Mean Spearman correlation between the estimated target lambda rates across fish replicates (hpf is short for hours post fertilization). 95% confidence intervals via bootstrap are shown in parentheses. The correlation is higher for GAPML estimates, compared to setting rate estimates as the proportion of times each target was cut.

Fish age	n	Barcode version	GAPML Correlation	Empirical average correlation
4 months	2	7	0.891	0.685
72 hpf	6	7	0.897 (0.855, 0.973)	0.648 (0.616, 0.842)
30 hpf	4	6	0.287(0.287, 0.788)	0.052 (0.052, 0.727)
4.3 hpf	5	7	0.942 (0.942, 0.976)	0.749 (0.714, 0.918)

Open in a new tab

Fig 12: — Fitted target lambda rates for fish sampled at different time points; Each line corresponds to estimates for a single fish. Fish sampled at 4.3hpf (left) and 72 hpf (middle) used the same barcode and have similar rate estimates. The 30hpf fish (right) used a different barcode and has different rate estimates.

5.3. Recovery of cell-type and germ-layer restriction.

It is well known that cells are pluripotent initially and specialize during development. To evaluate recovery of specialization by tissue type, we calculated the correlation between the estimated time of internal tree nodes and the number of descendant tissue types; to evaluate recovery of specialization by germ layer, we calculated the correlation between the estimated time of internal nodes and the number of germ layers represented at the leaves. (As before, all the estimation methods do not use the tissue origin and germ layer labels.) Since any tree should generally show a trend where parent nodes tend to have more descendant cell types than their children, we compared our tree estimate to the same tree but with random branch length assignments and randomly permuted tissue types. Our method estimated much higher correlations compared to these random trees (Table 3). We show an example of the node times versus the number of descendant cell types and germ layers in Figure 13. The other methods have lower correlation compared to GAPML in all cases, except for ‘NJ + chronos’ in the second adult fish. However, upon inspection, the correlation is high for ‘NJ + chronos’ because it estimates that cells are pluripotent for over 90% of the fish’s life cycle and specialize during a small time slice at the very end.

Table 3.

Correlations between the number of descendant cell types/germ layers vs. the time of internal nodes for different estimation methods. For each tree estimate, we create random trees by fixing the topology but shuffling cell types and assigning random branch lengths. The correlation for these random trees are shown. The p-value is calculated with respect to these random trees.
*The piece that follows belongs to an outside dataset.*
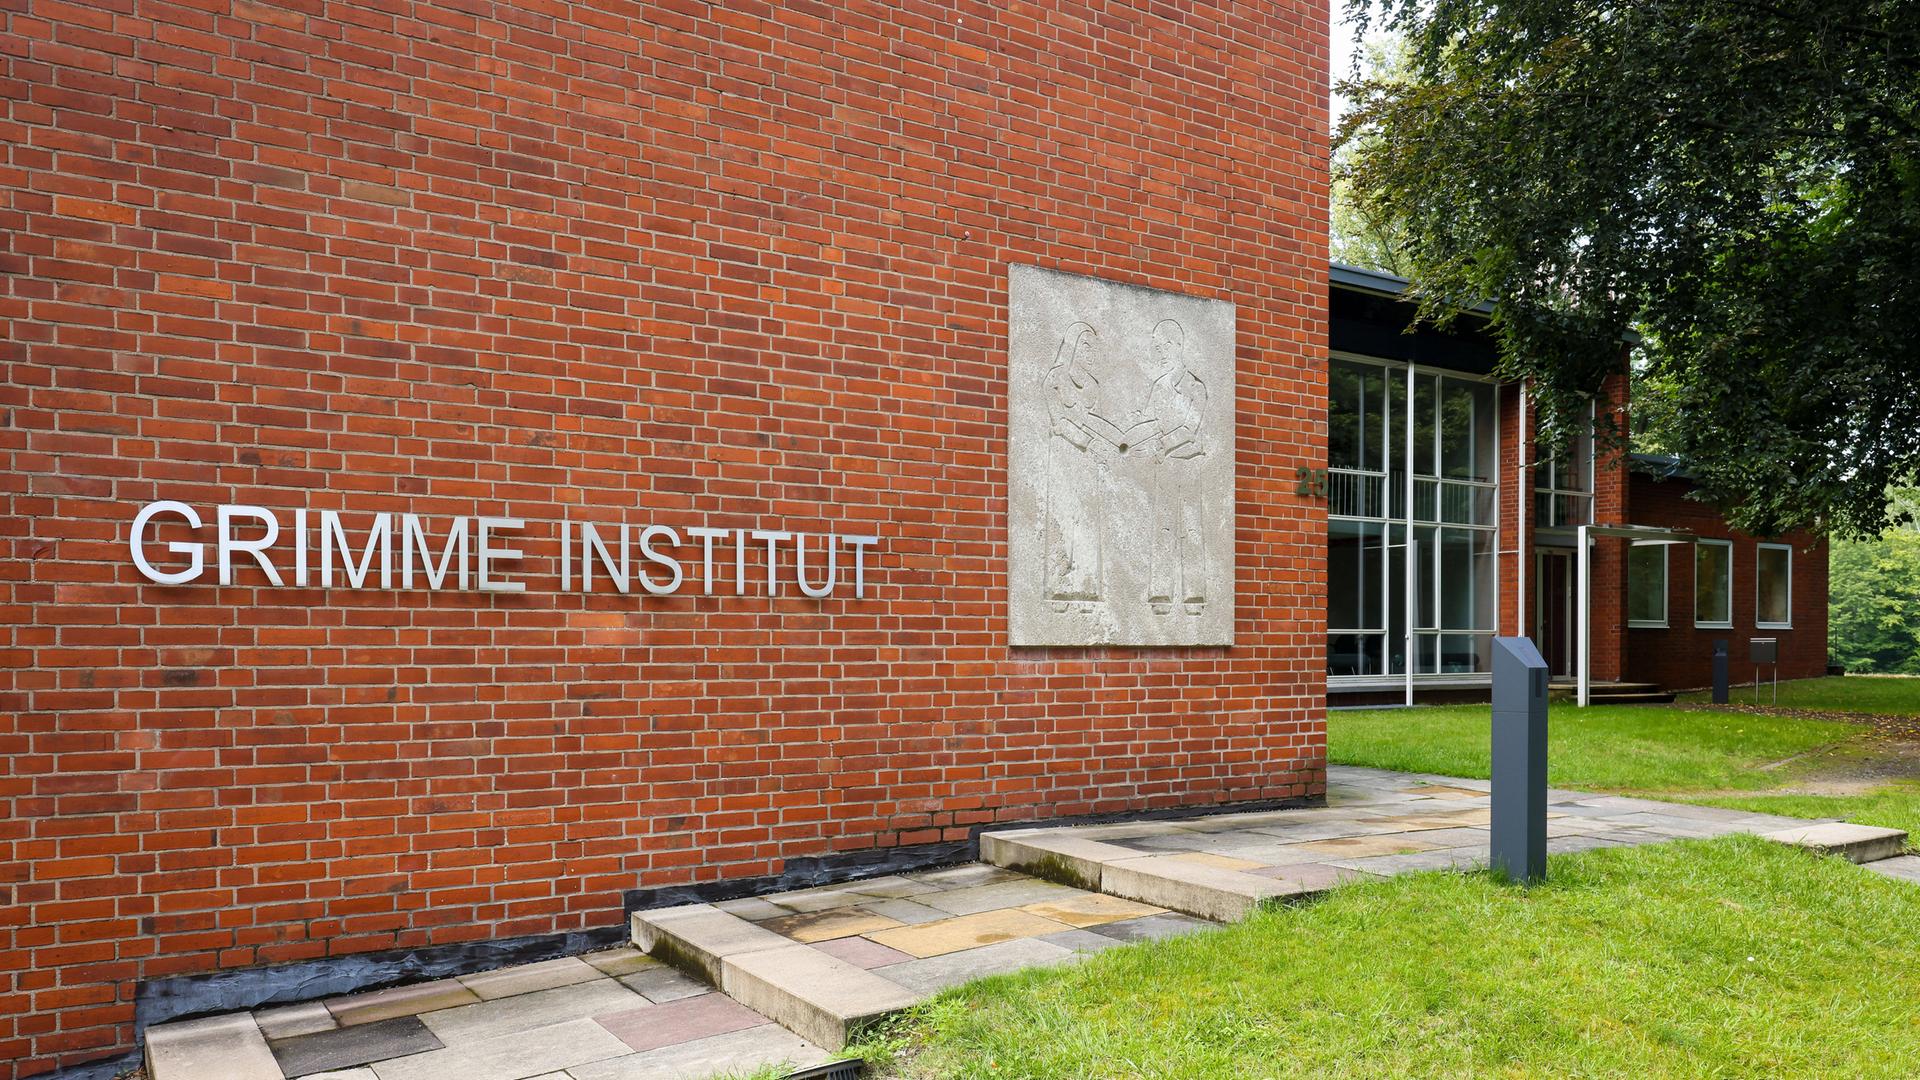 Die Ziegelstein-Fassade des Grimme-Instituts ins Marl

Adult	Estimation	# tissue types vs time			# germ layers vs time
Fish	Method	Corr	Random corr	p-value	Corr	Random corr	p-value
1	GAPML	−0.476	−0.176	< 0.001	−0.404	−0.125	< 0.001
	CS+chronos	−0.182	0.037	0.002	−0.142	0.032	0.044
	NJ+chronos	−0.271	−0.126	0.003	−0.179	−0.094	0.084

2	GAPML	−0.547	−0.243	<0.001	−0.437	−0.184	0.002
	CS+chronos	−0.389	0.070	0.001	−0.397	0.090	< 0.001
	NJ+chronos	−0.621	−0.236	<0.001	−0.475	−0.183	0.001

Open in a new tab

Fig 13: — Visualization of internal node times for the first adult fish using GAPML, stratified by the number of descendant cell types (left) and germ layers (right). The estimated node times recover the known phenomenon of cell type and germ layer restriction during organism development.
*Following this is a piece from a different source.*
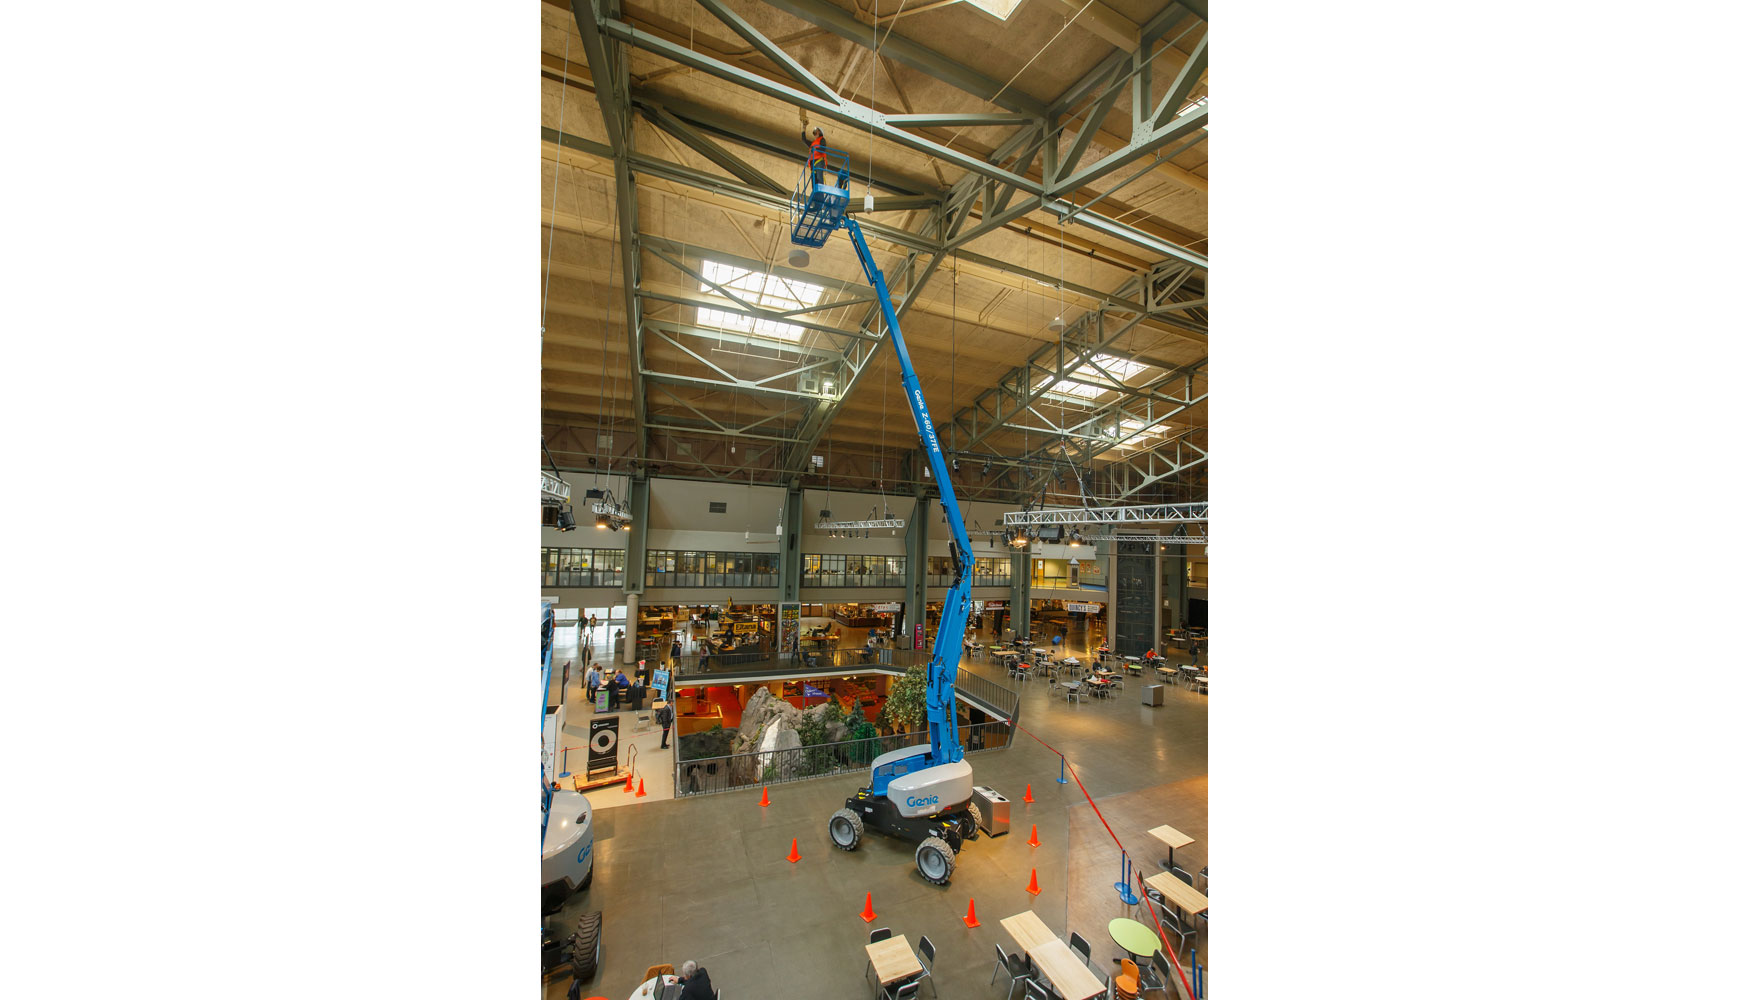 La nueva plataforma de Genie ofrece una altura de trabajo de 20,16 m y un alcance horizontal de 11,15 m

5.4. Analysis of the zebrafish GESTALT data.

Now we analyze the fitted trees of the adult zebrafish in more detail to check if summaries concord with known zebrafish biology; and generate new hypotheses about zebrafish development and the experimental procedure.

The estimated tissue distance matrices (Fig 11) present a coarse summary of the developmental process. We observe that they recapitulate some well-established facts about zebrafish development. For example, we estimate that tissue types from the endoderm and mesoderm tended to be closer. This signal potentially captures the migration of the endoderm and mesoderm through the blastopore, isolating them from the ectoderm (Solnica-Krezel, 2005). In addition, previous studies established that gills form when the anterior part of the intestine grows toward and fuses with the body integument (Shadrin and Ozernyuk, 2002). Likewise, our method estimates that gill cells are closer to tissues from the endoderm and mesoderm.

Fig 11 also shows that the GFP+ cardiomyocytes tend to be farthest away from other tissue types, which could be either a developmental signal or an artifact of the experimental protocol. GFP+ cardiomyocytes were sorted using fluorescence-activated cell and this purity could drive their separation from the other more heterogeneous organ populations. An interesting biological speculation would be that the myocardial cells are one of the first cells to differentiate during vertebrate embryo development, which could be driving this observed signal (Keegan, Meyer and Yelon, 2004).

The cell lineage tree estimated using GAPML provides significantly more detail than the C-S parsimony tree inferred in McKenna et al. (2016) (Fig 14). Unlike the C-S tree, the GAPML tree infers relative timing of events across parallel subtrees and infers the order of events.

The full tree estimated using GAPML for the first adult zebrafish is displayed in Figure S10. The raw tree data and tools for visualizing the tree are available at https://github.com/matsengrp/gapml. Its longest caterpillar spine starts from the root node and connects all the major subtrees that share no indel tracts. As the zebrafish embryo rapidly divides from the single-cell stage, these initial CRISPR editing events establish the founding cell in each subtree. We see that the last three subtrees at the end of this spine (farthest away from the root) were observed primarily in the intestinal bulb and the posterior intestine. This concords with our understanding of zebrafish development: of the dissected organs, the digestive tract is the last to fully differentiate (Moody et al., 1998). These examples show that this more refined lineage tree can inspire new and interesting biological questions and provide a means to answer them.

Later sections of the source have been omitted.